Pictures do not belong in the copy. Write out exactly the lines from the one containing "Image of Henry" through the end of the data.

## SOURCE MATERIAL:
_ _ _

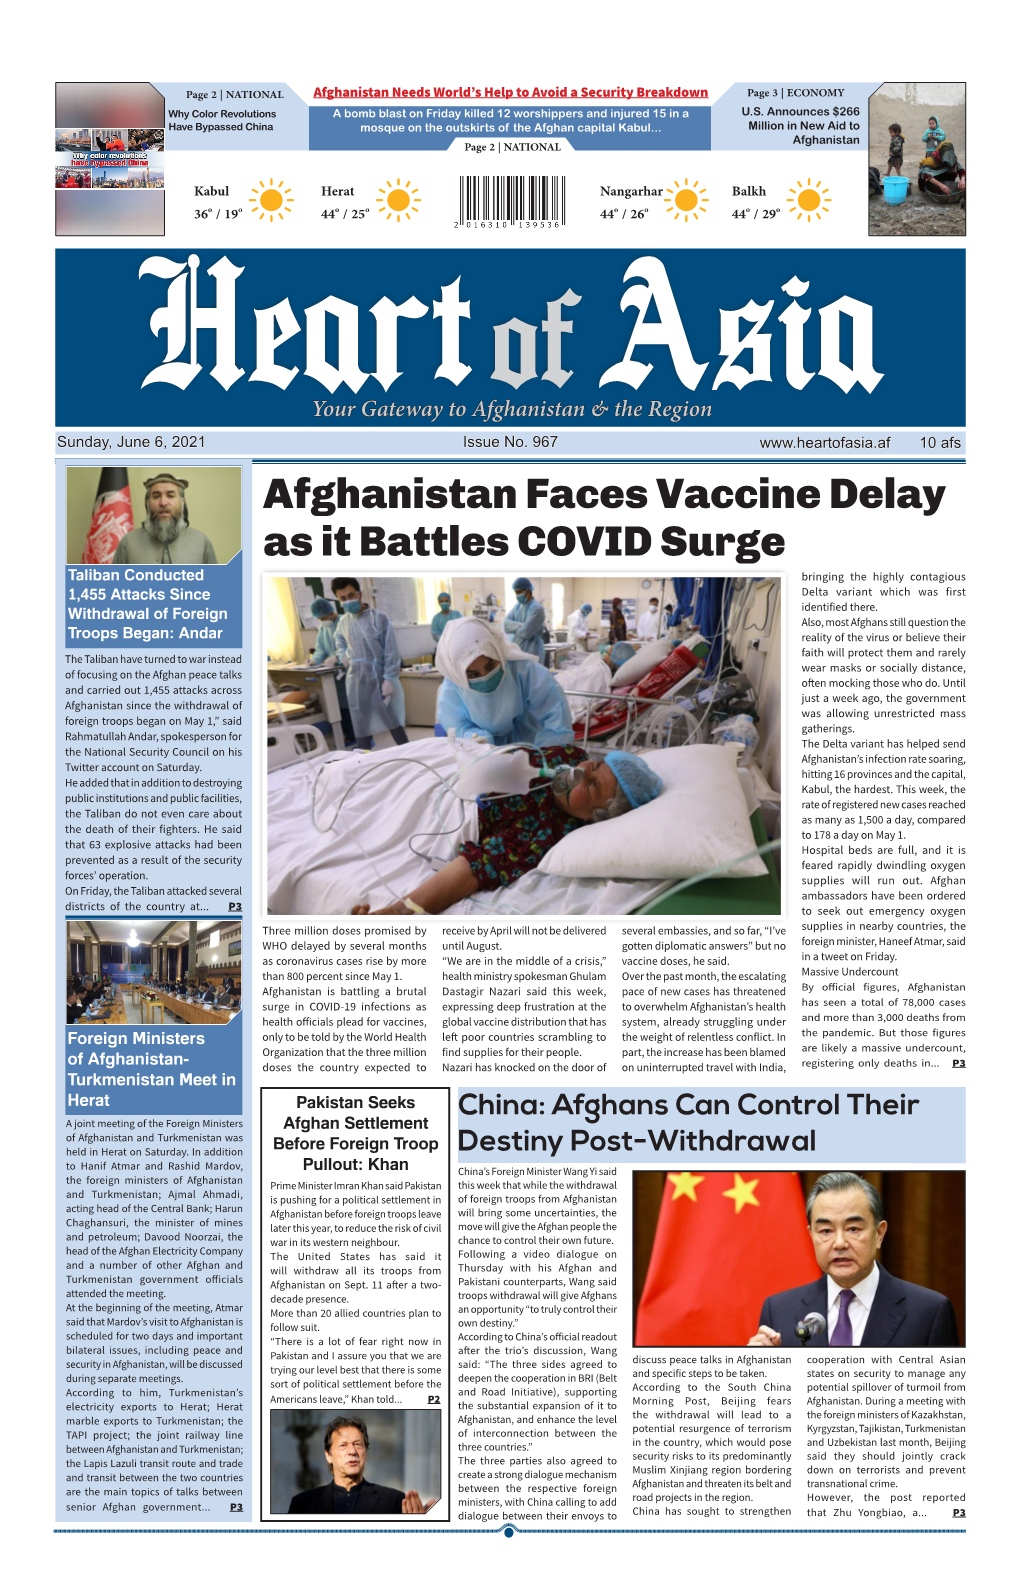 Afghanistan Faces Vaccine Delay As It Battles COVID Surge
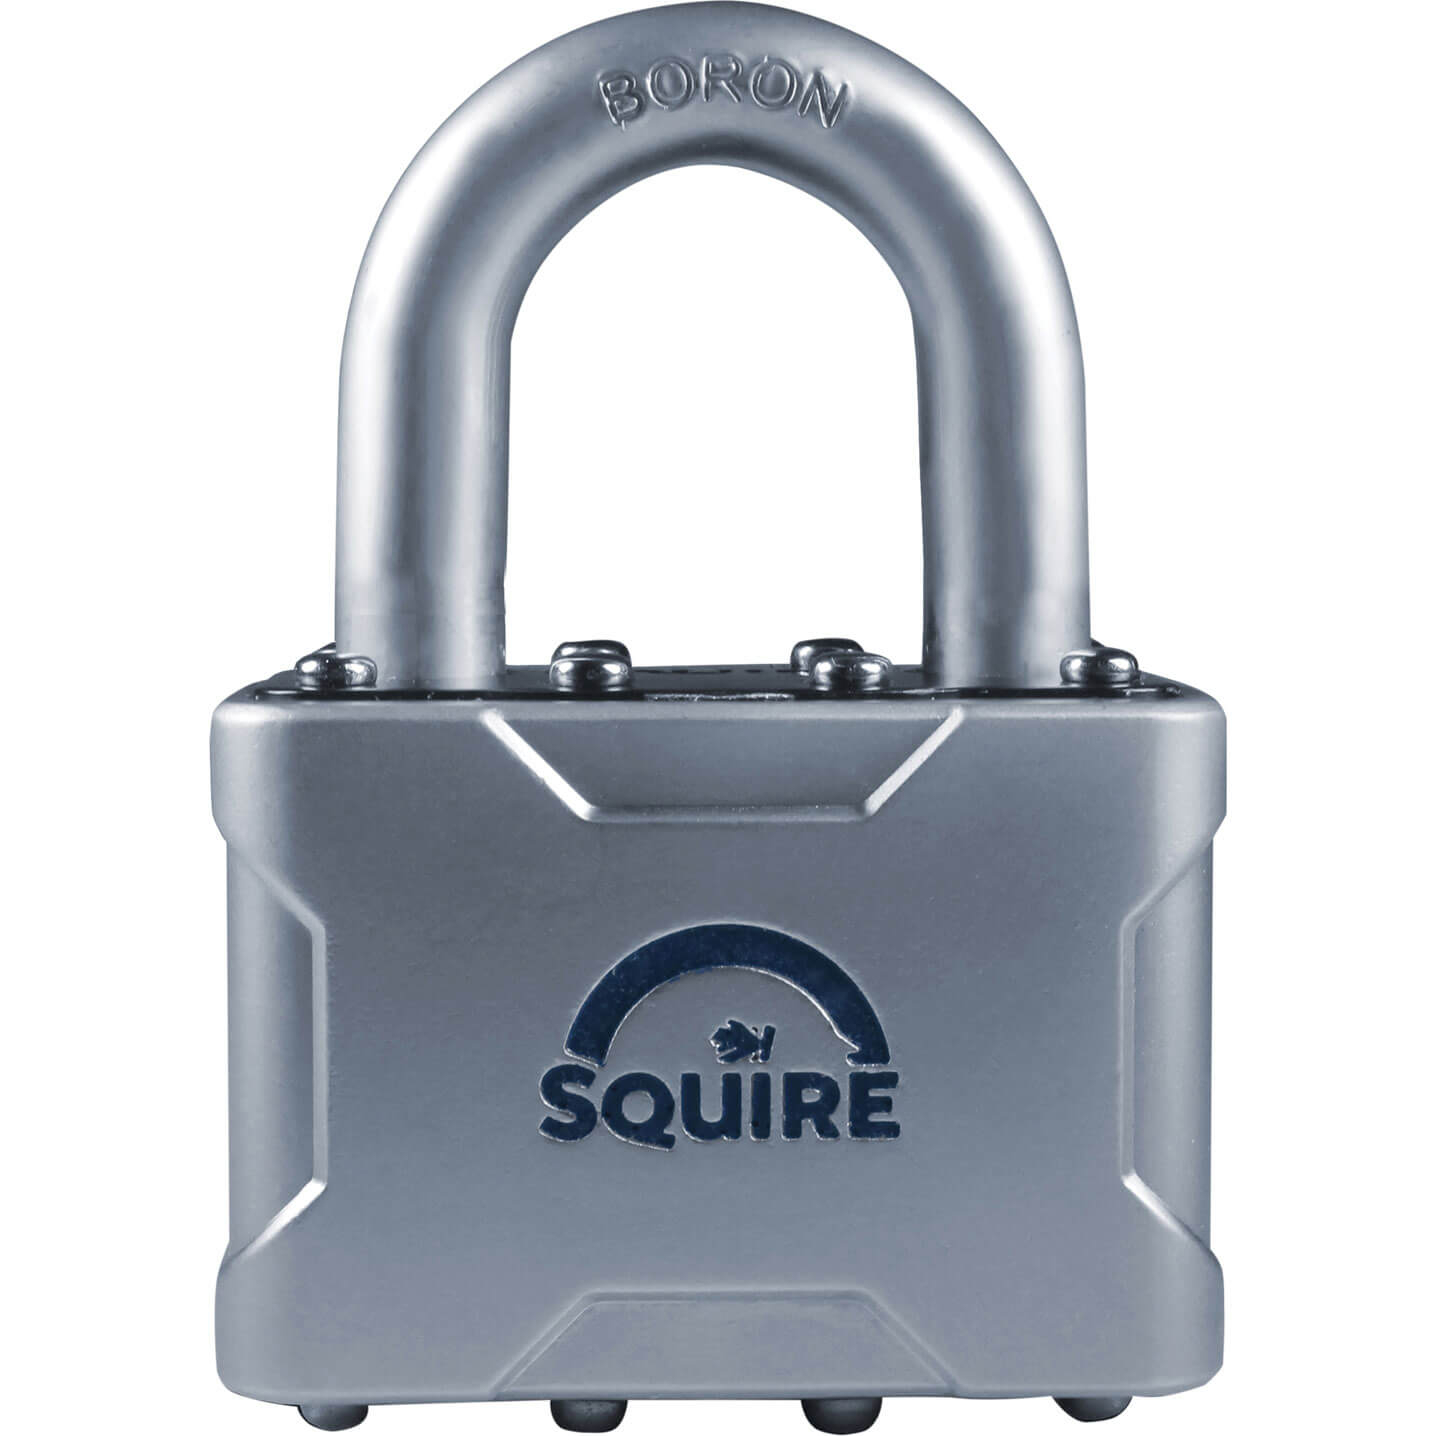 Image of Henry Squire Vulcan Boron Shackle Padlock 45mm Standard
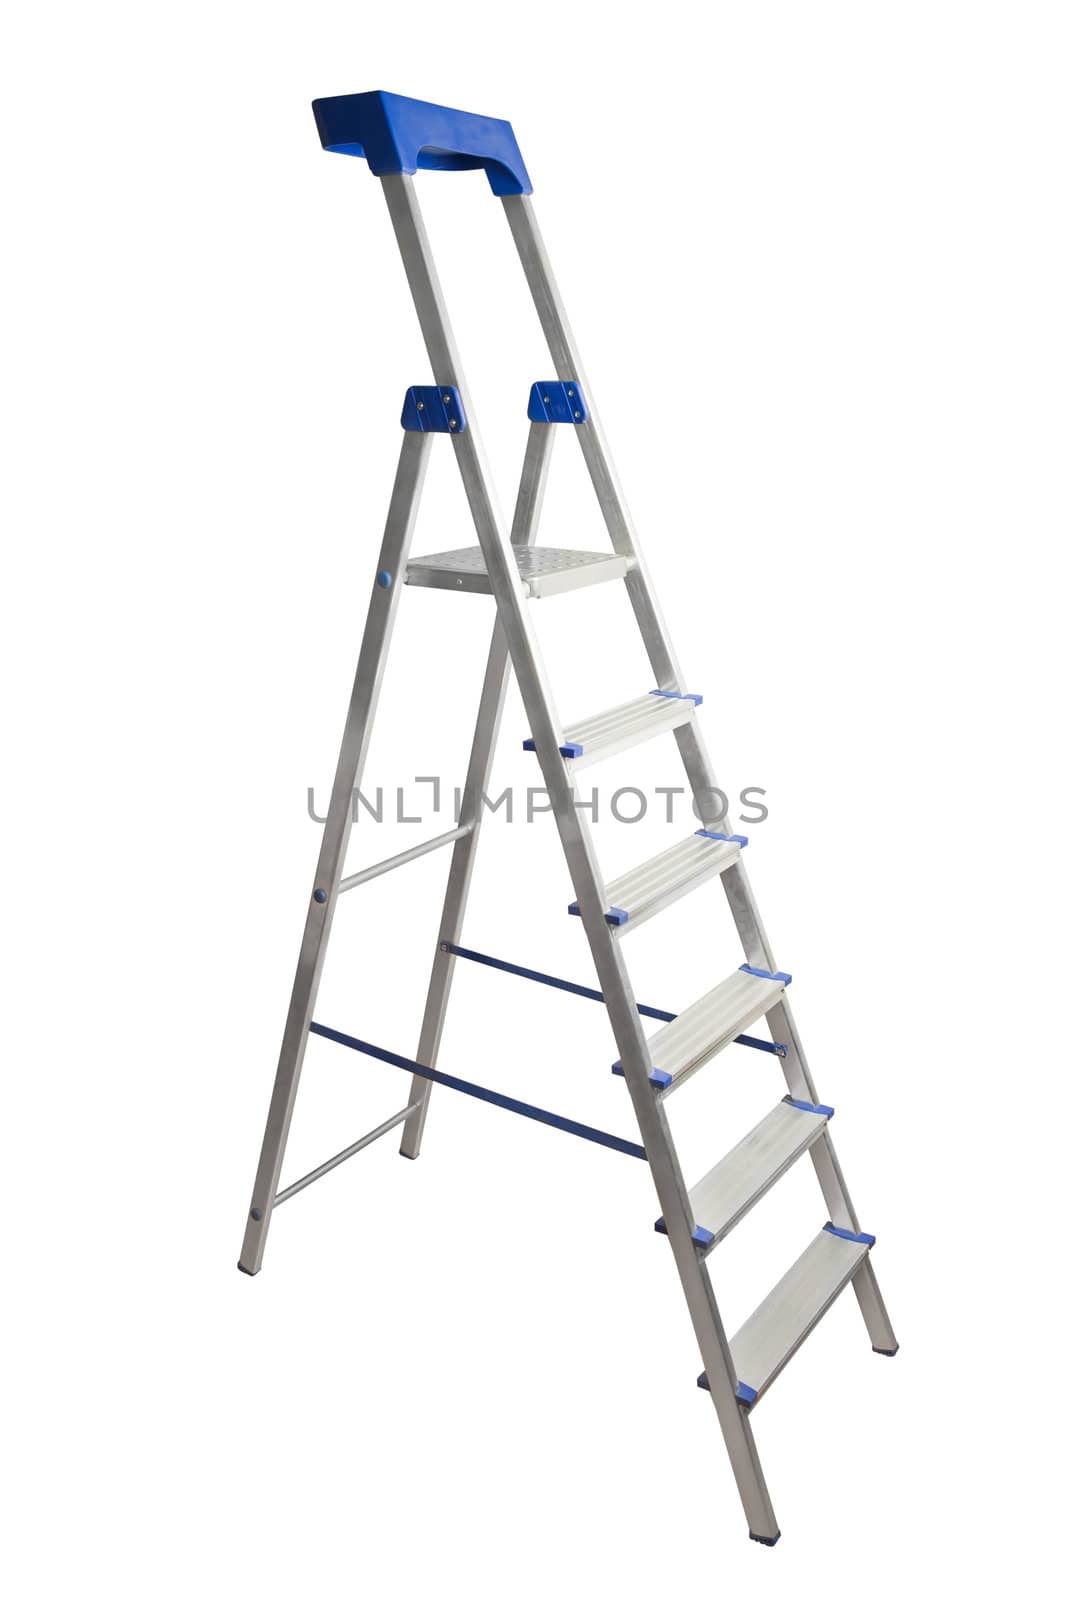 Step ladder isolated on white background

_ _ _

## RESULT OF THIS EXERCISE:
 Image of Henry Squire Vulcan Boron Shackle Padlock 45mm Standard
 Step ladder isolated on white background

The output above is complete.